Quand tu lis, tu t'imagines, c'est-à-dire tu mets en images. C'est un acte créateur car cette mise en images t'est propre, singulière, personnelle. Chacun voit les images que cela lui évoques en fonction de son histoire, de sa culture, de son imaginaire. Parfois ces images sont précises, plus précises qu'elles ne sont décrites par les mots que nous lisons. Chacun se fait une représentation de ce qu'il lit. Pouvoir tourner une lecture en clip vidéo développe notre capacité à lire vraiment. Un clip vidéo va ajouter énormément d'éléments qui ne sont pas dans la lecture, des éléments qui viennent de toi.

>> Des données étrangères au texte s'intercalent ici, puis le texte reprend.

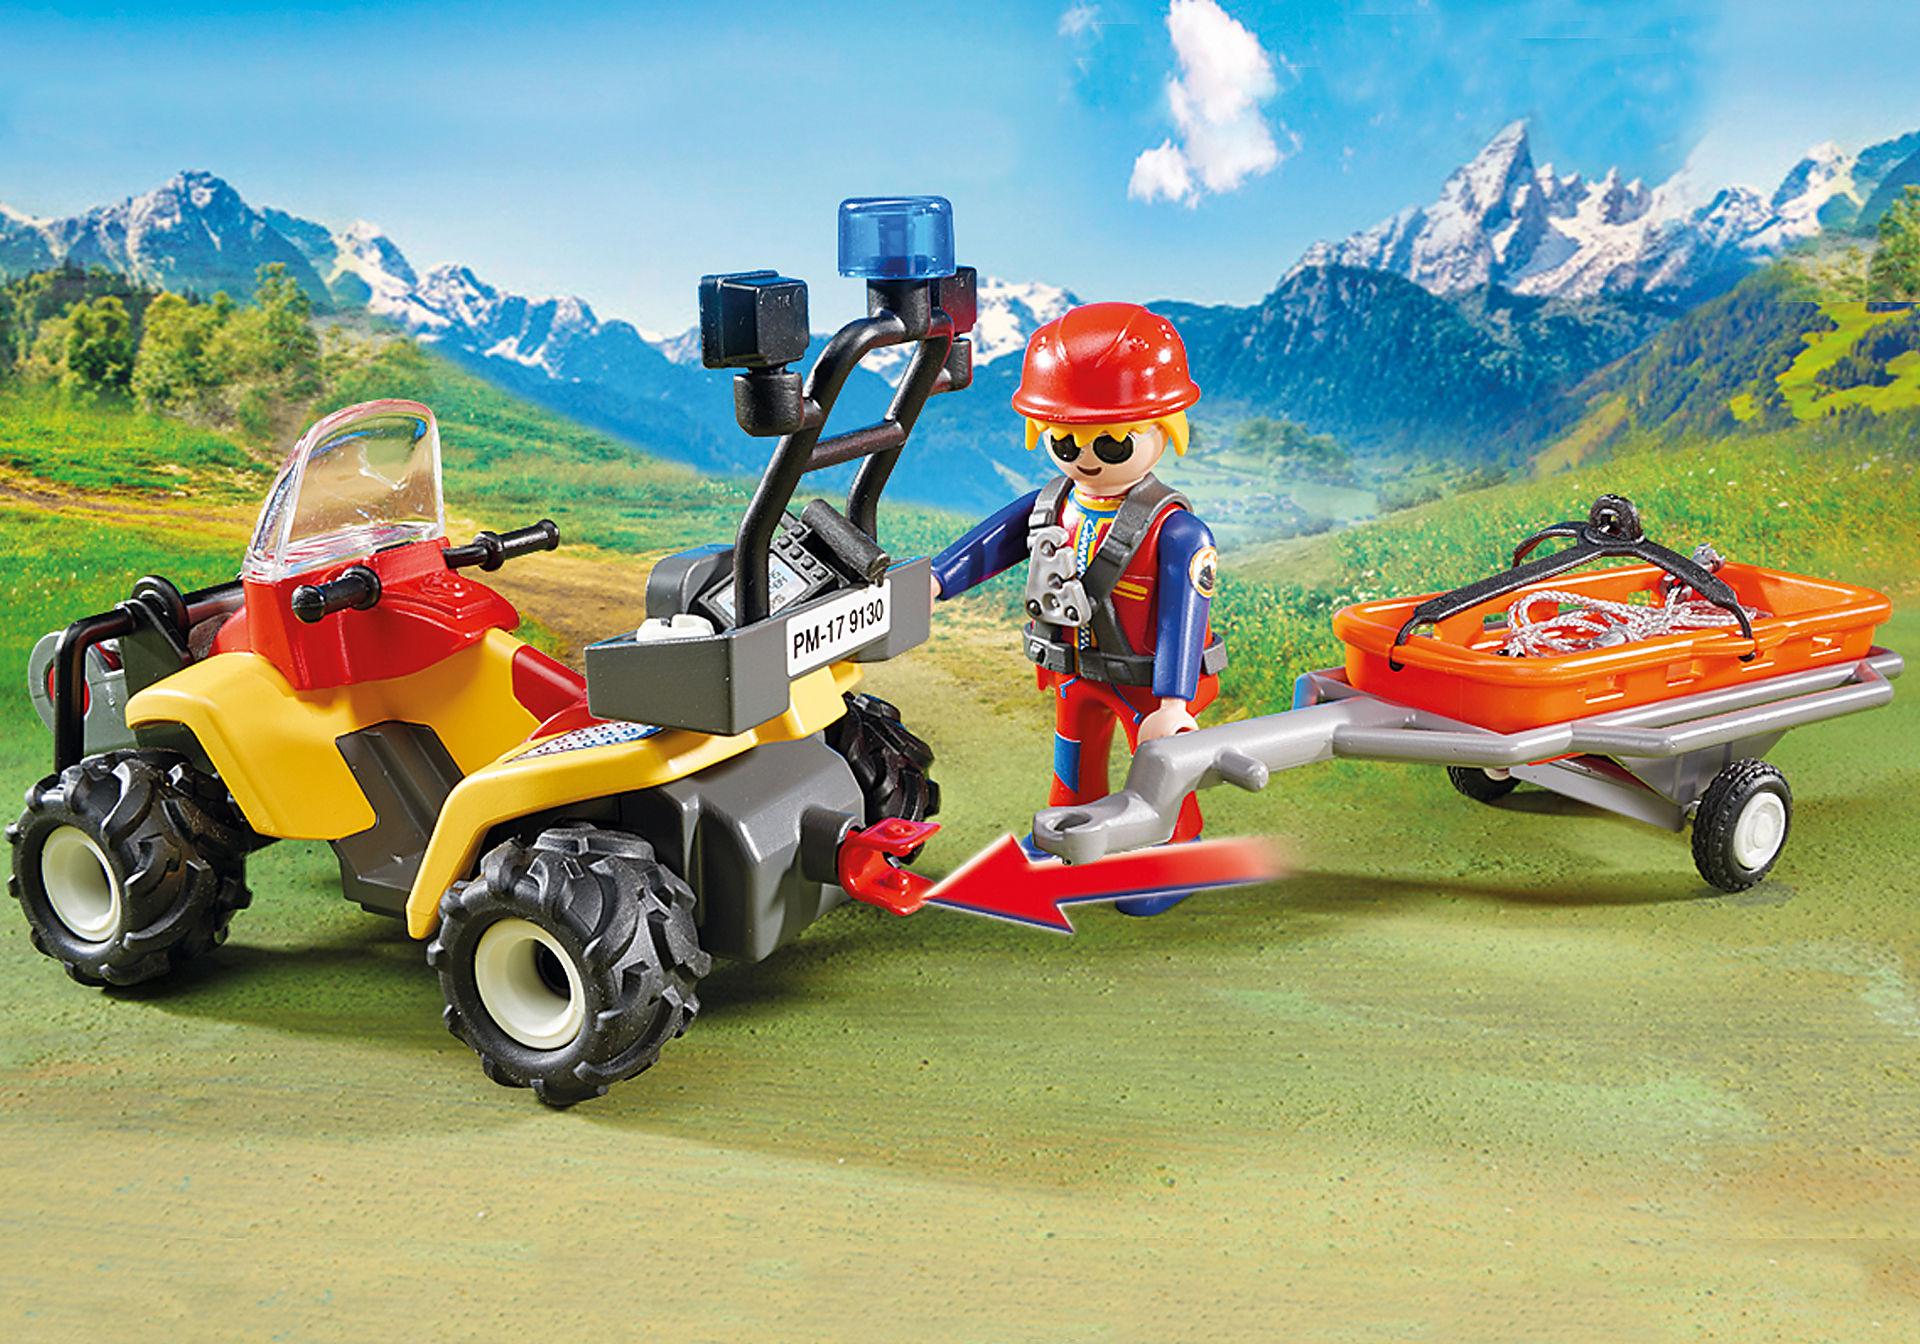 http://media.playmobil.com/i/playmobil/9130_product_extra2/Secouriste des montagnes avec quad

Nous avons besoin de temps pour entrer dans une histoire lue. Au cinéma, une scène d'ouverture peut nous accrocher dès les premières secondes. Le livre a besoin de plus de temps pour nous installer les éléments essentiels à ce que nous puissions voir ce que nous lisons, pour nous préparer nous-mêmes à entrer dans cette histoire qui est un métissage de ce qui est écrit et de ce que cela va représenter dans notre imaginaire. Ne pas arrêter de lire avant d'avoir parcouru les trente premières pages afin de laisser une chance à cette histoire de nous rencontrer, afin de nous laisser une chance de rencontrer cette histoire.
Lire, c'est voir. Imagine arrêter un film toutes les cinq minutes pour aller faire autre chose... Au bout de trois coupures, tu risques de te désintéresser de cette histoire. C'est dire d'une histoire lue. Imagine couper l'histoire toutes les 10 pages... Laisse encore une fois une chance à cette rencontre : n'étale pas ton parcours de lecture sur plus de 15 jours et accorde-toi des plages de temps assez vastes pour vivre réellement quelque chose.
Lire, c'est oser lancer un signe au-dessus de soi et croire qu'il devienne un repère.
Lire à plusieurs, c'est se passer le miroir que l'auteur a déjà promené le long du chemin de son histoire (phrase inspirée de la citation de Stendhal sur le roman...).